Adie syndrome is a neurological disorder characterized by a tonically dilated pupil that reacts slowly to light but shows a more definite response to accommodation.
It is frequently seen in females with absent knee or ankle jerks and impaired sweating.
It most commonly affects younger women (2.6:1 female preponderance.
It is unilateral in 80% of cases.
Average age of onset is 32 years.
Adie pupil is caused by damage to the postganglionic fibers of the parasympathetic innervation of the eye, usually by a viral or bacterial infection which causes inflammation.
It is the damage to neurons in the ciliary ganglion, located in the posterior orbit, that provides parasympathetic control of eye constriction.
The inflammation affects the pupil of the eye and the autonomic nervous system.
The Adie syndrome has with three hallmark symptoms: at least one abnormally dilated pupil known as mydriasis, which does not constrict in response to light, the loss of deep tendon reflexes, and abnormalities of sweating.
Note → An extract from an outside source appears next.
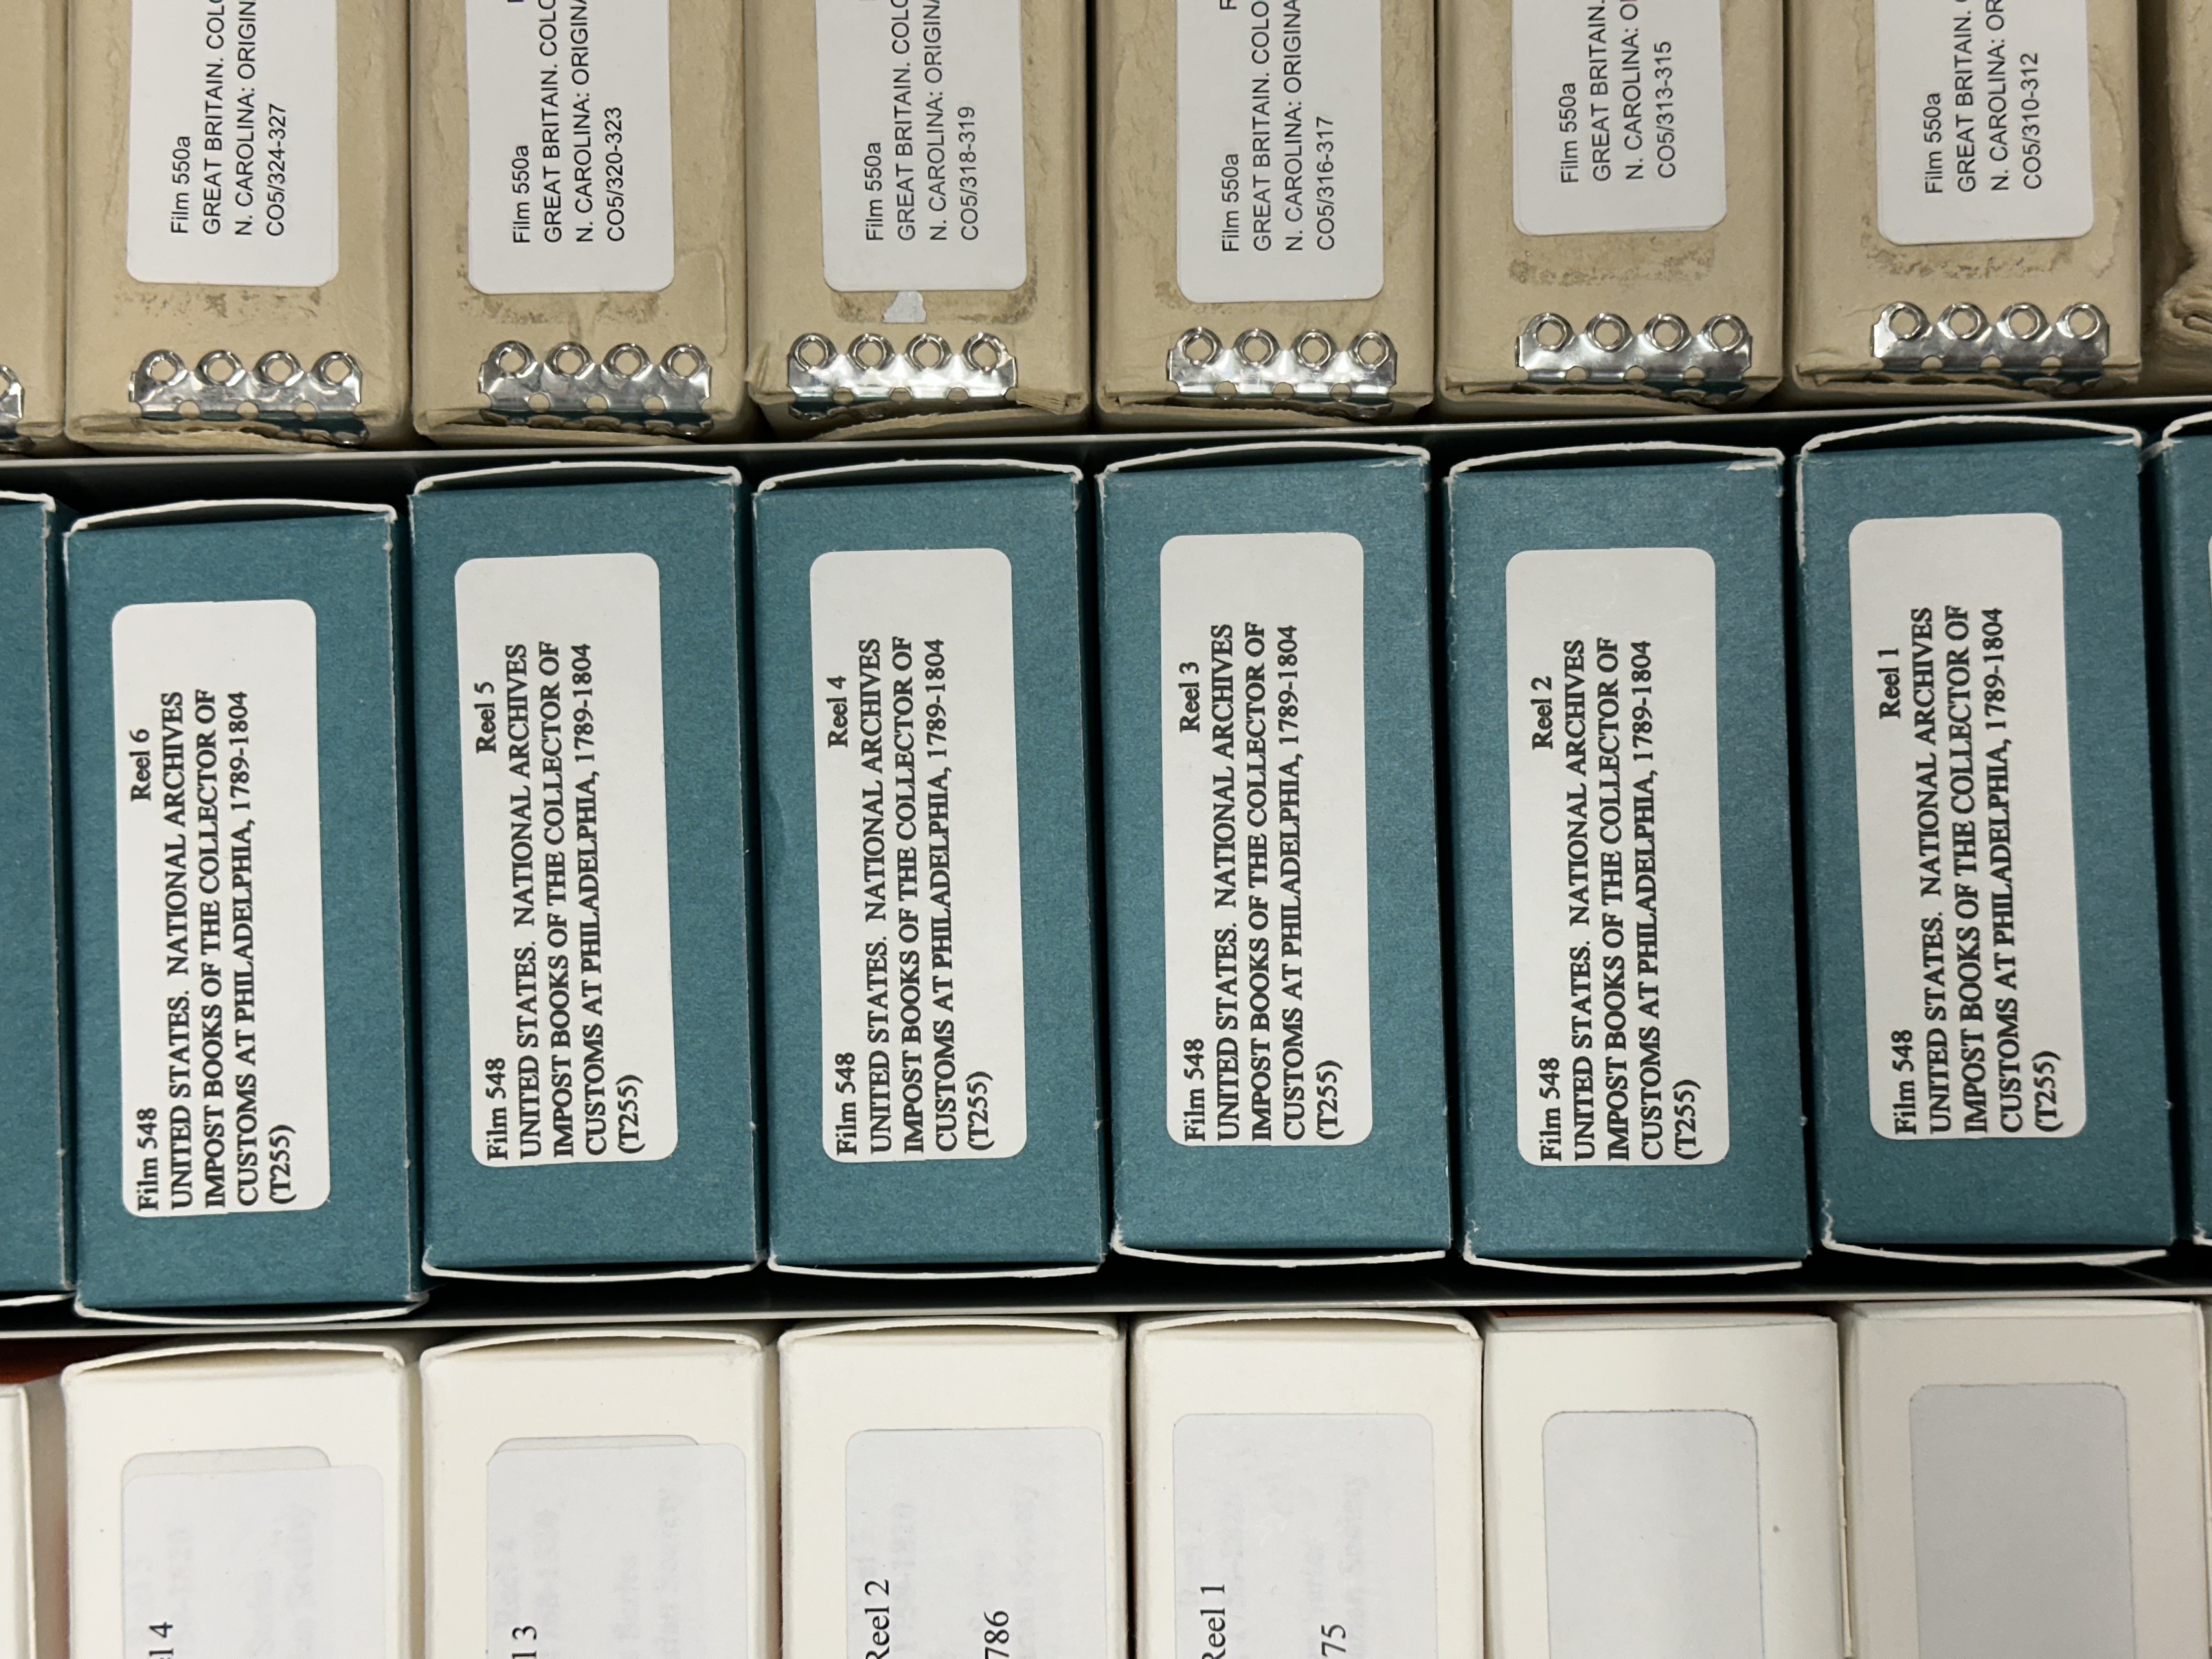 photo of reels of microfilm in boxes

Additionally, signs may include hyperopia due to accommodative paresis, photophobia and difficulty reading.
Adie syndrome patients may also have cardiovascular abnormalities.
Patients with the syndrome can also experience abnormal autonomic control of the body, caused by damage to the dorsal root ganglia of the spinal cord.
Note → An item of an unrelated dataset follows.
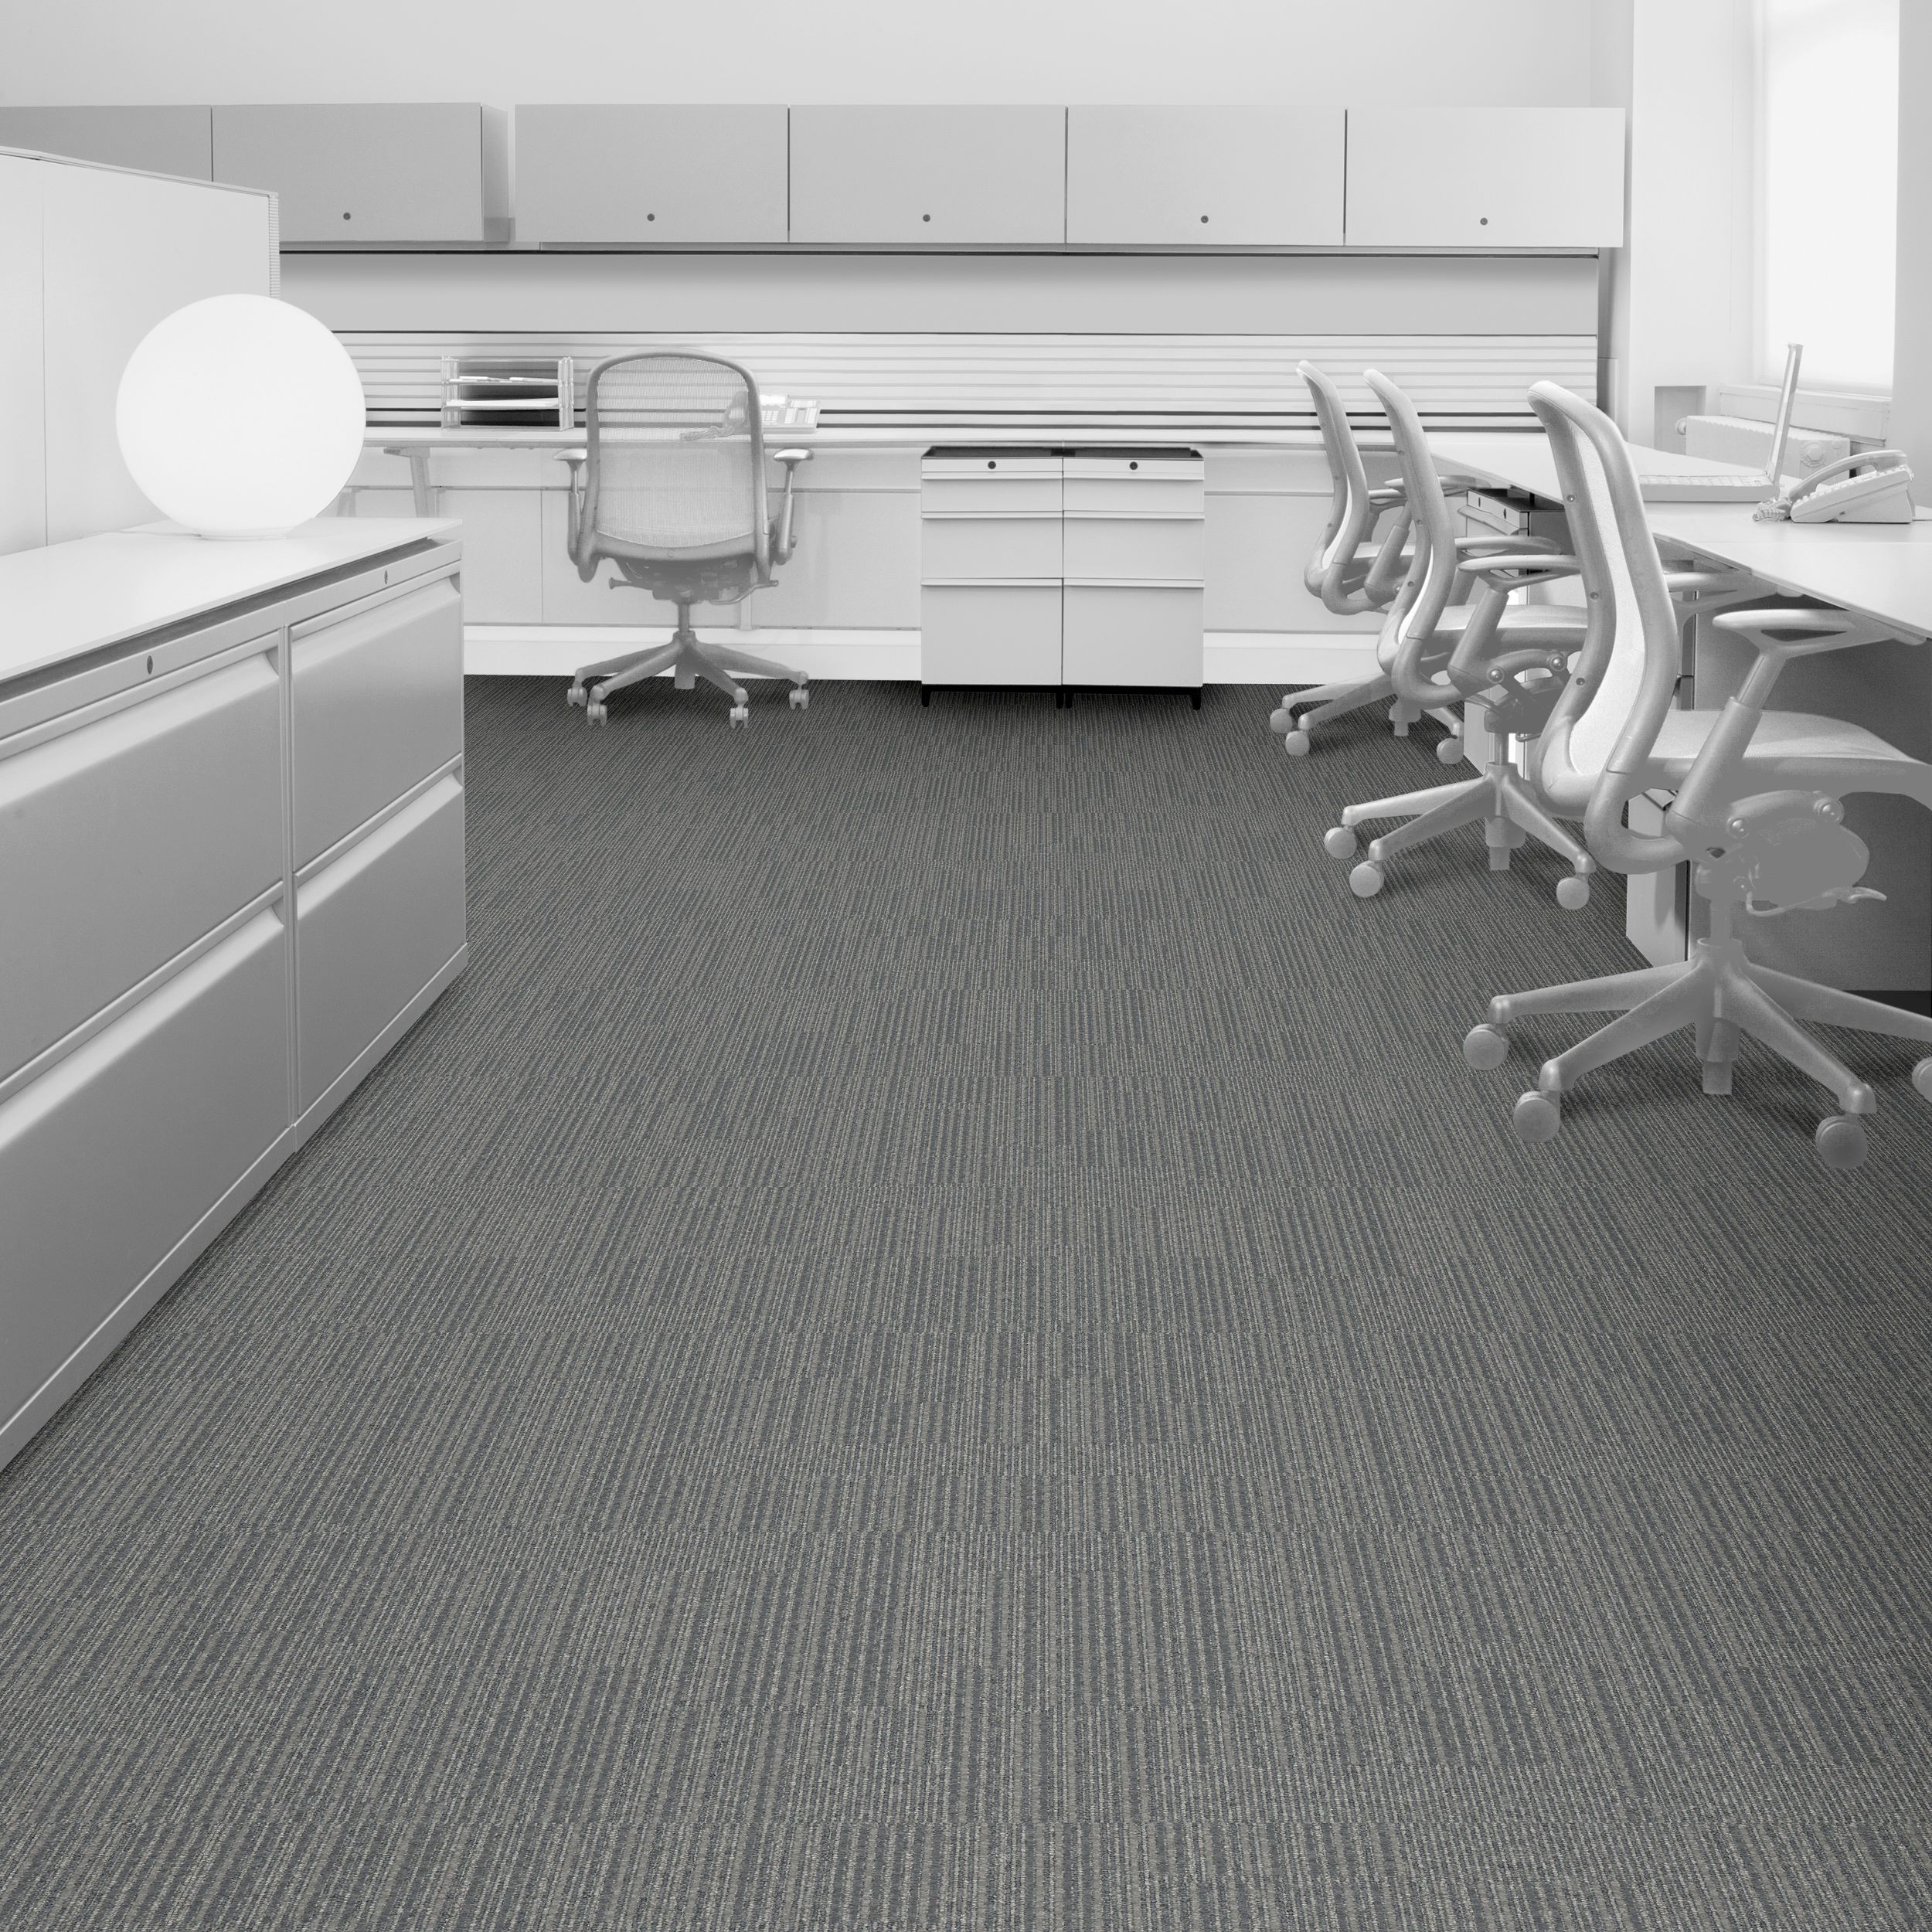 Interface Equilibrium Harmony Carpet Tile in office setting.

Adie’s pupil is supersensitive to acetylcholine.
Pupillary constriction can be early sign of the brainstem herniation.
Testing with low dose pilocarpine may constrict the tonic pupil due to cholinergic denervation supersensitivity.
Abnormal pupil will not constrict with the dilute dose of pilocarpine.
The usual treatment is reading glasses to correct for impairment of the eye.
Pilocarpine drops may be administered as a treatment as well as a diagnostic measure.
Thoracic sympathectomy is the definitive treatment of diaphoresis, if not treatable by drug therapy.
Loss of deep tendon reflexes is permanent and may progress over time.